Crucially, Cohen was not too strict with his diet, aiming to follow the “80/20” principle. This meant that 80% of what Cohen was eating was nutritious and balanced, and 20% was what she wanted. Dietitians recommend this approach because it means you don’t feel like what you enjoy, and again, it’s more sustainable.
Due to injury, Cohen was unable to do any serious exercise, but she was consistent with her diet.
Cohen did not lose any weight for three months
For the first three months of his new lifestyle, Cohen didn’t lose a single pound.
“I was devastated, I was confused, I felt betrayed,” Cohen said. “I was getting blood work done, I was getting my thyroid tested, I was exploring all these different avenues and options.”
Cohen made the decision to have birth control — a Copper IUD – removed, even though her doctor told her it wouldn’t affect her weight. Within seven days of its removal, Cohen had lost 10 pounds.
Copper IUDs, also known as copper coils, are non-hormonal contraceptives, and weight gain is not listed as a side effect. Although there is some anecdotal evidence from women who claim that the device leads to weight gain, there is scientific evidence lack.
Cohen doesn’t know if her weight loss played a role when her IUD was removed or if it was a coincidence, because sometimes it takes time to see weight loss.

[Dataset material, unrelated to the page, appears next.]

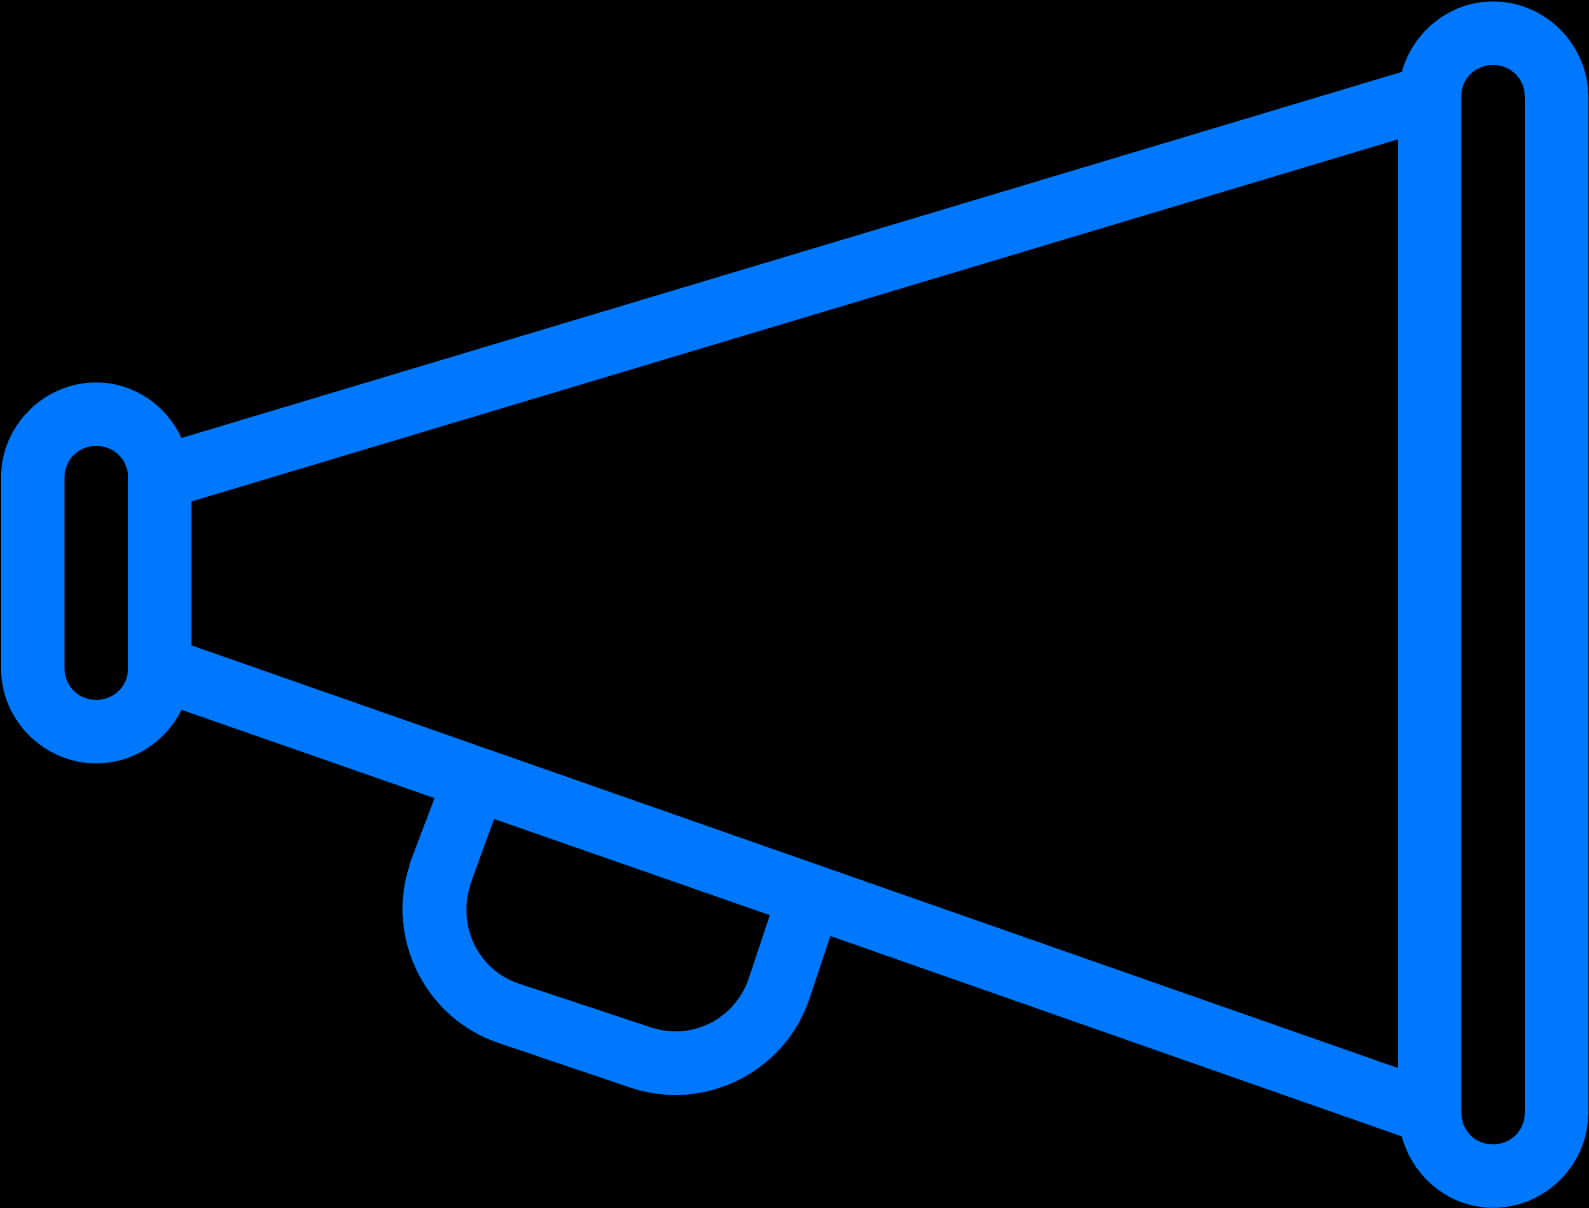 A Blue Megaphone On A Black Background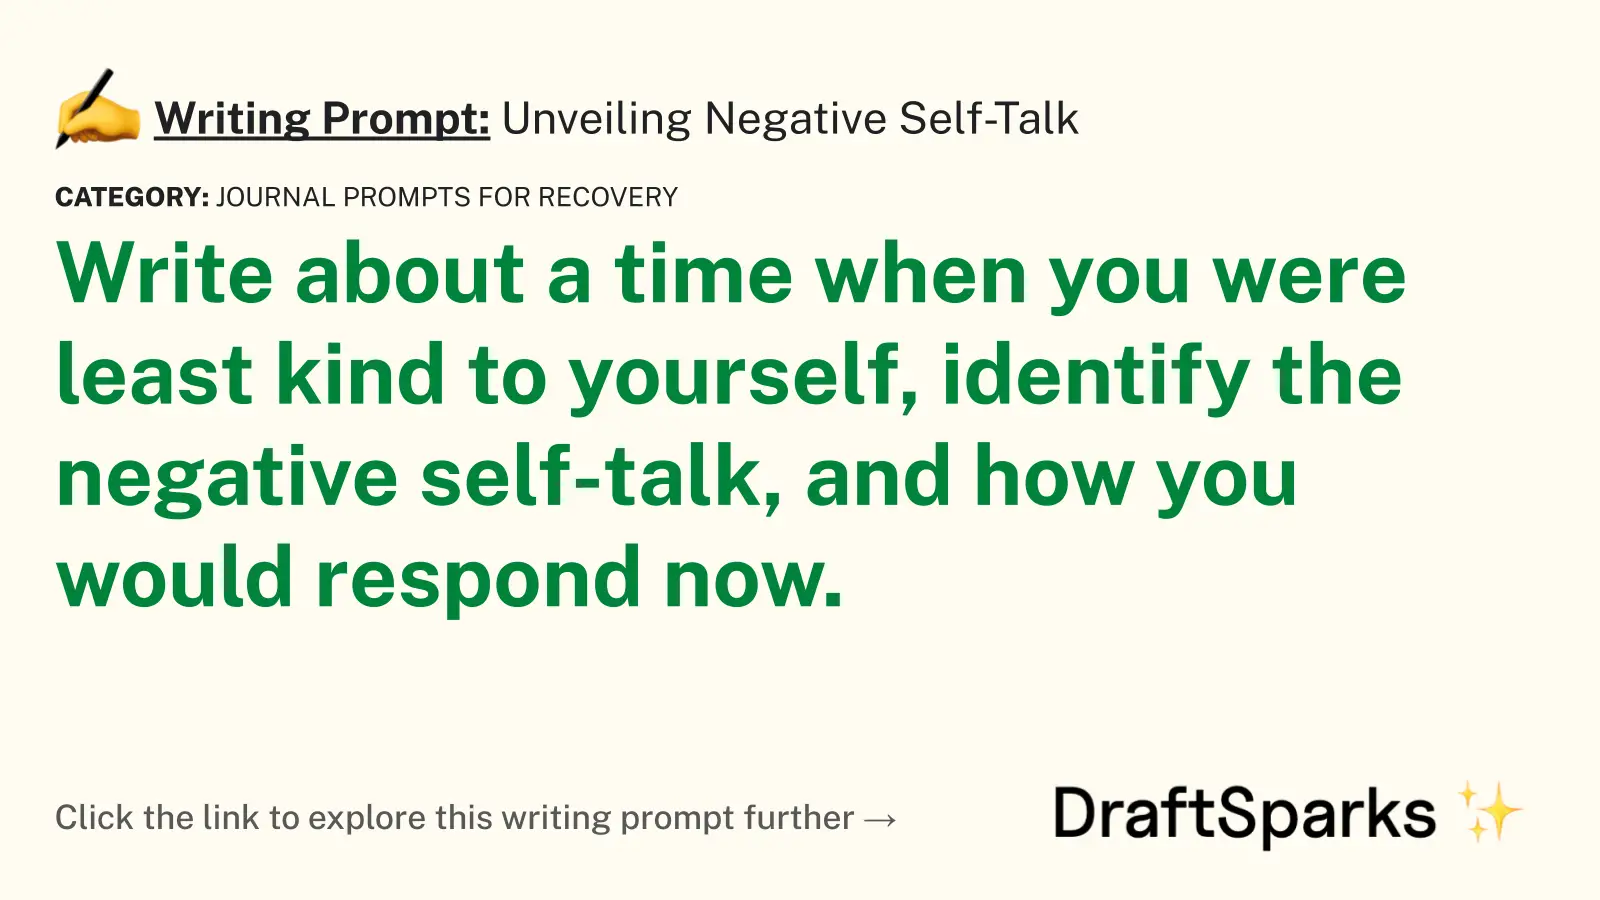 Unveiling Negative Self-Talk

Cohen, now a certified nutrition coach, suspects her body was in a high-stress state after years of dieting, so it took a while to recover.
Over the next nine months, Cohen lost another 40 pounds. “I still say it took me 12 months to lose the weight because I was putting in the months of work beforehand,” she said.
Cohen maintained her weight loss for seven years
After losing all the weight she wanted, Cohen moved to maintenance, which was not easy. It took a bit of trial and error to find out how much to fuel her body well and keep her weight stable, she said.
It helped Cohen learn how to make healthier versions of her favorite takeout foods while keeping her weight under control, and she worked on her mindset and self-love, which helped her enjoy her remove every food and not feel guilty afterwards.
She enjoys alcohol in moderation, but has learned to make lighter choices and lose weight. For example, a tequila shot instead of a margarita, or a vodka soda instead of a Red Bull vodka slushy, she said.
Since recovering from her injury a year or two after losing weight, Cohen has started strength training two or three times a week and walking.
“I’m not your typical fitness girl who has to go to the gym six or seven days a week,” Cohen said. “Gym is not my therapy. Gym is my insurance policy.”
Her most consistent form of exercise is walking.
“I walk every day,” said Cohen. “It’s a huge part of my life.”